▶ _ACTION ITEM_: The lines running from the one that contains "The people who" to the end of the records below are what to reproduce, exactly and without pictures.

[Stored items]

= = = =

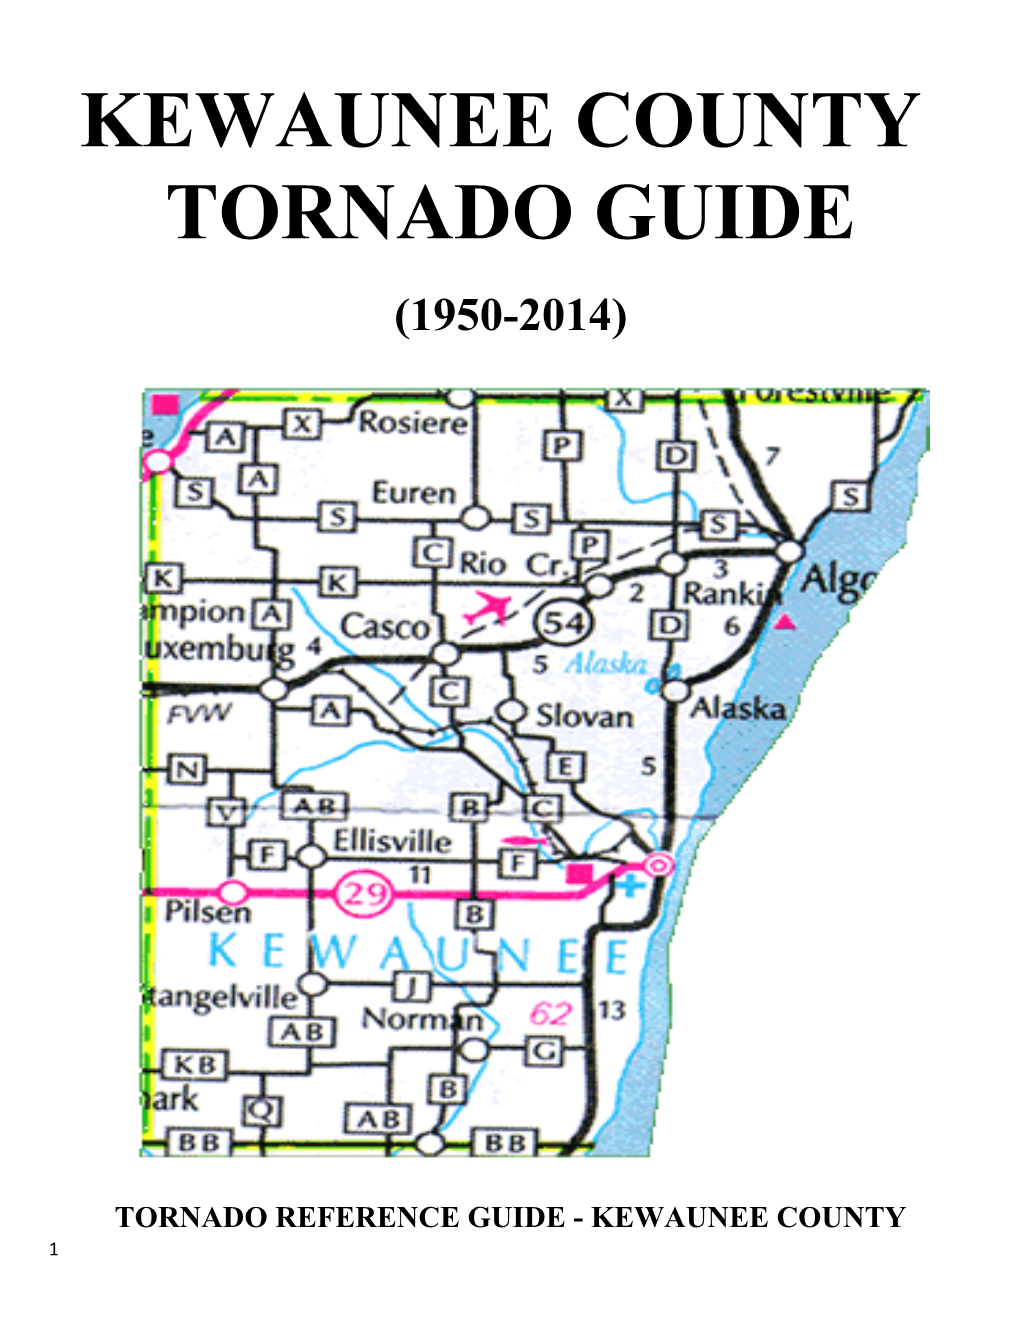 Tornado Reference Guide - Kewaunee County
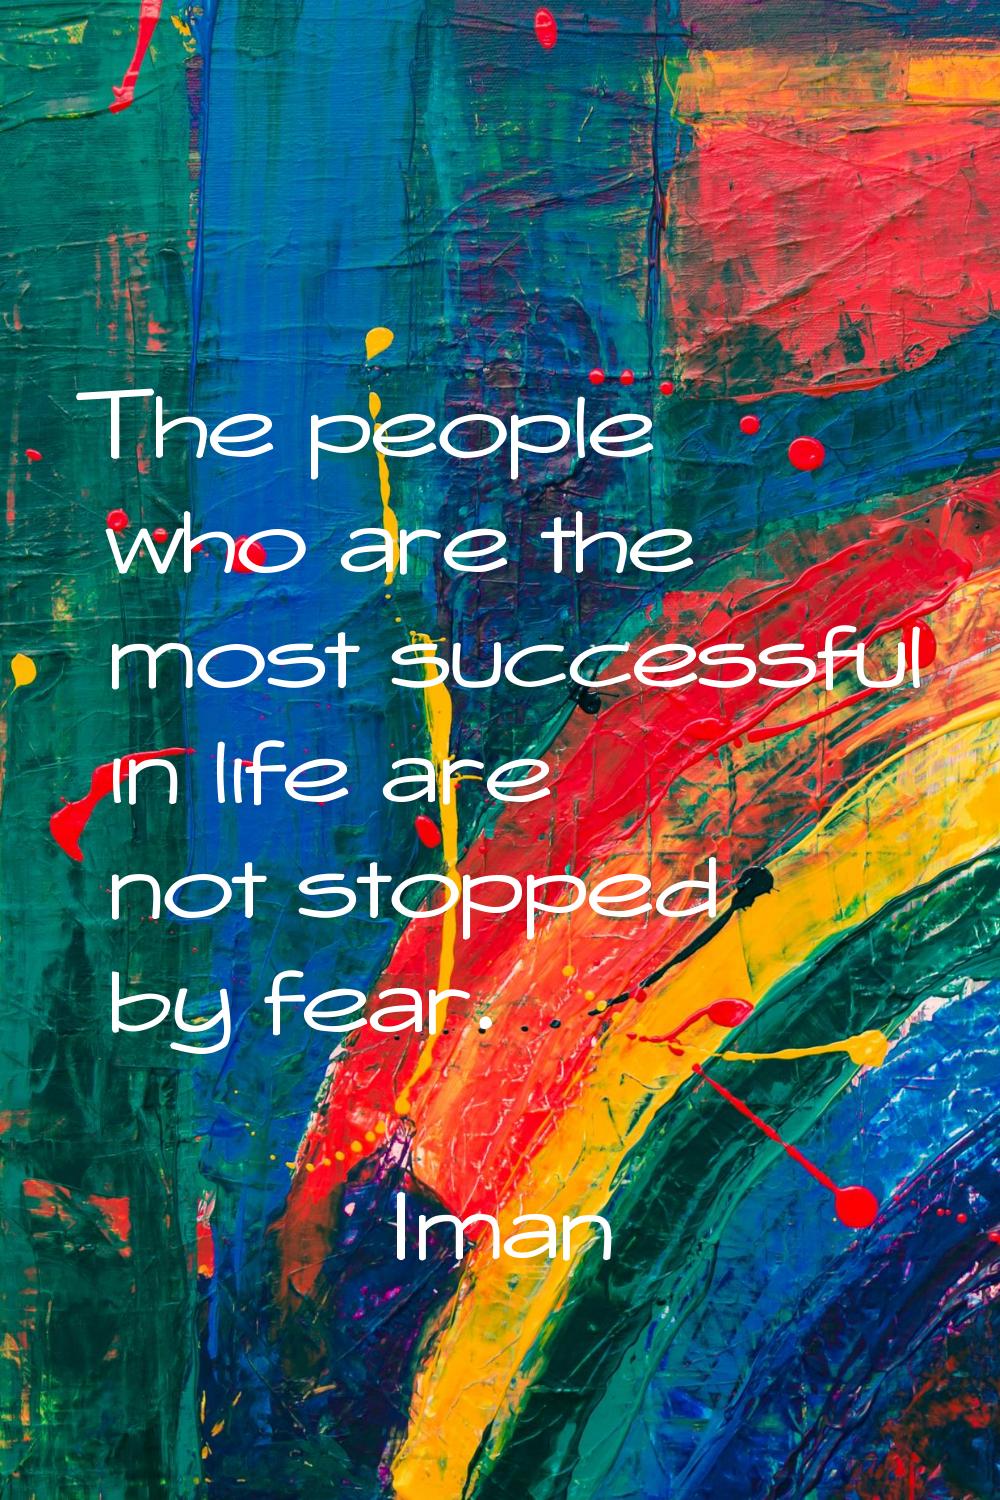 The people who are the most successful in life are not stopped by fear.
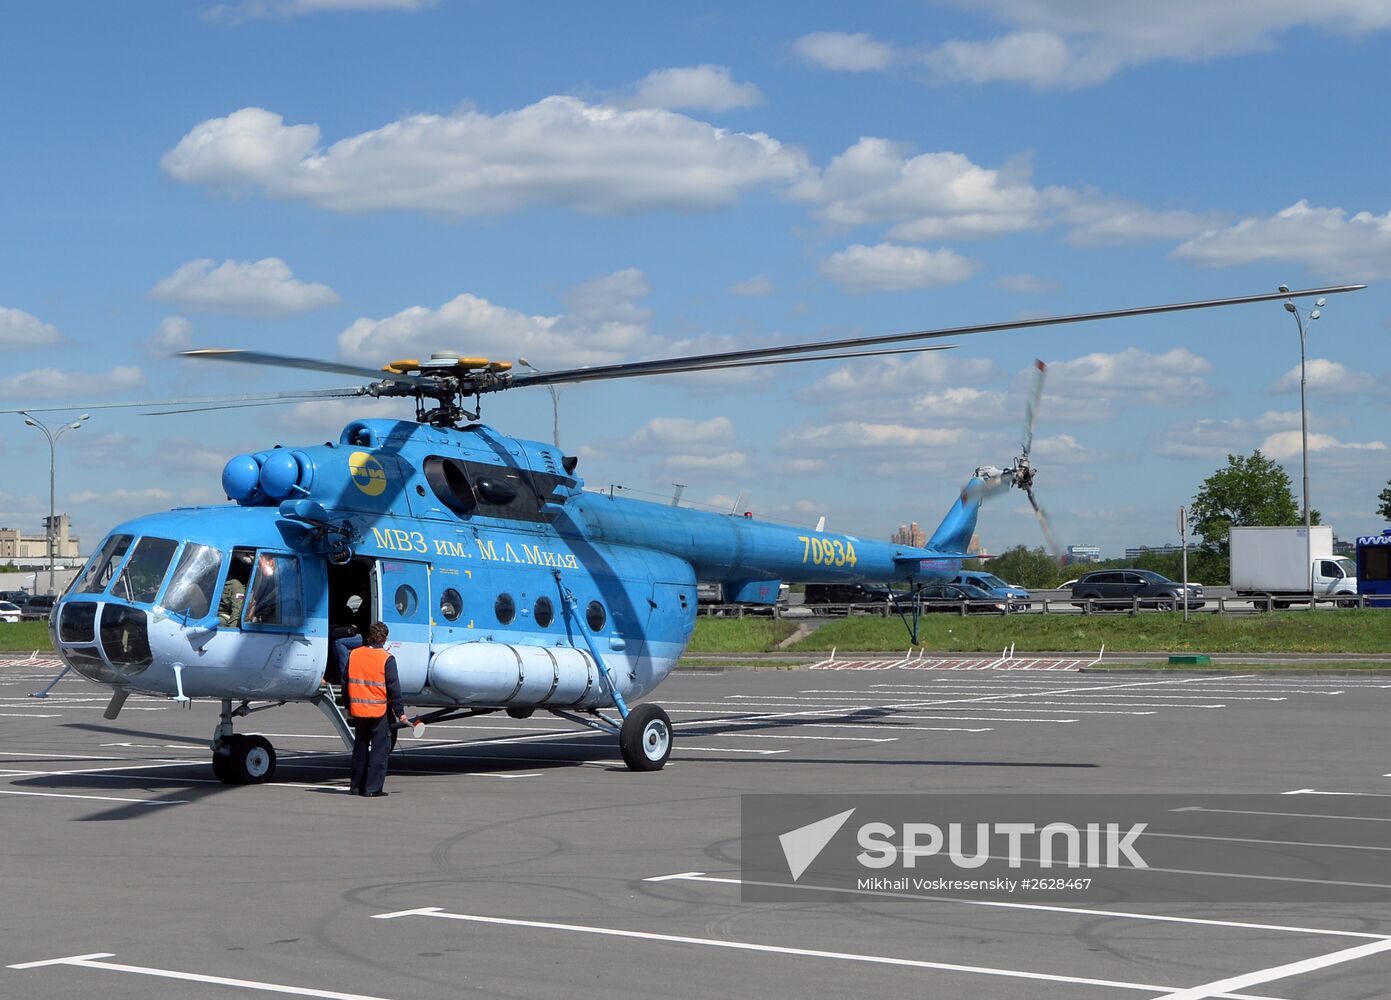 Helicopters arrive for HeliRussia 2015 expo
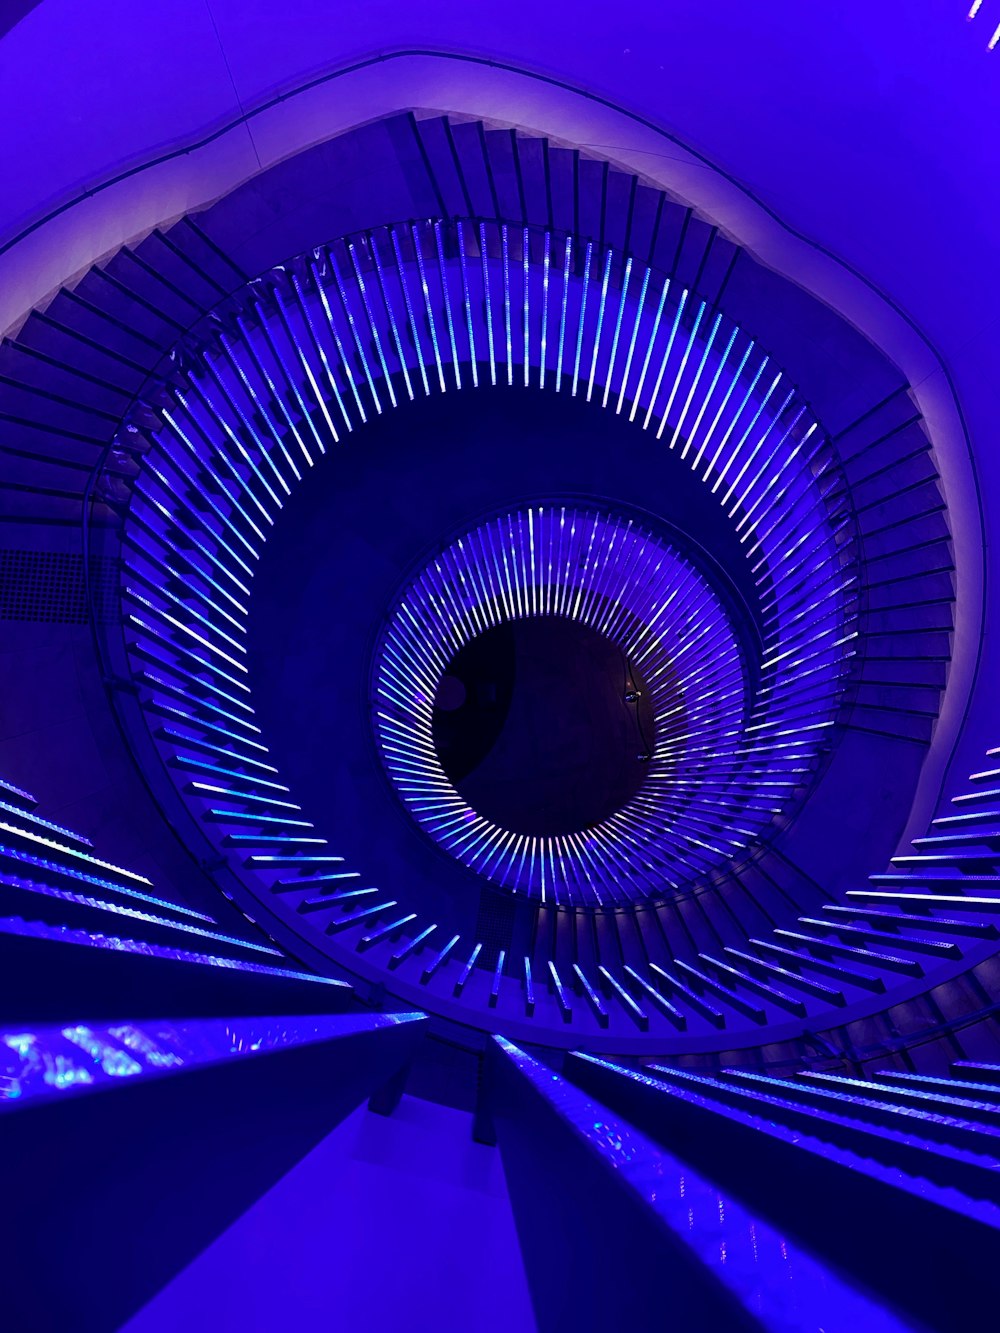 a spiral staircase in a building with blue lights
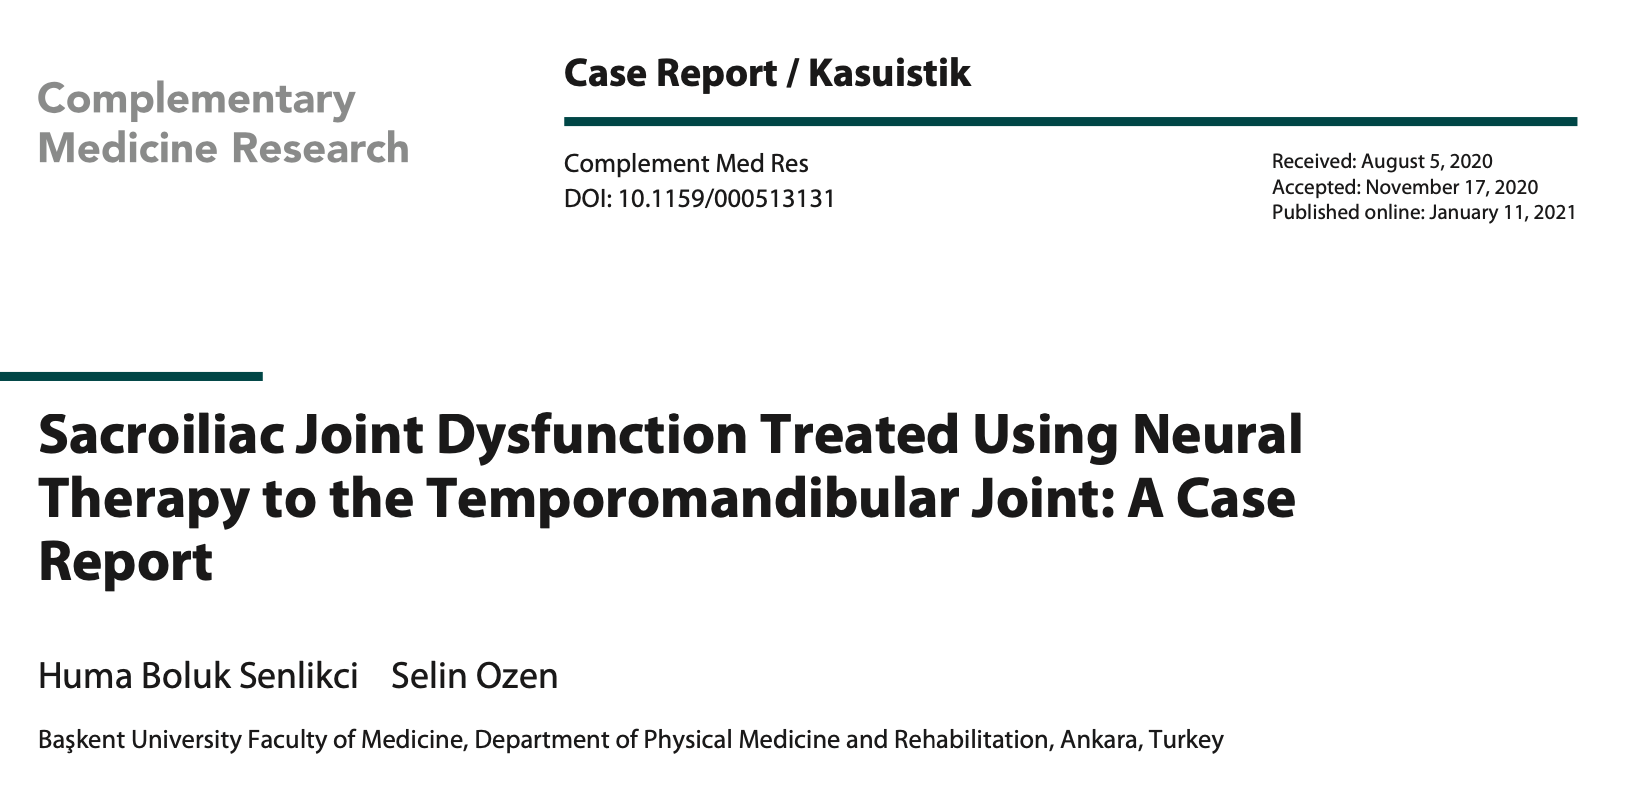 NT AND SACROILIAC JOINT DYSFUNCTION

= = = =

▶ _WRITTEN SOLUTION_:
 The people who are the most successful in life are not stopped by fear.
 Helicopters arrive for HeliRussia 2015 expo
 a spiral staircase in a building with blue lights
 NT AND SACROILIAC JOINT DYSFUNCTION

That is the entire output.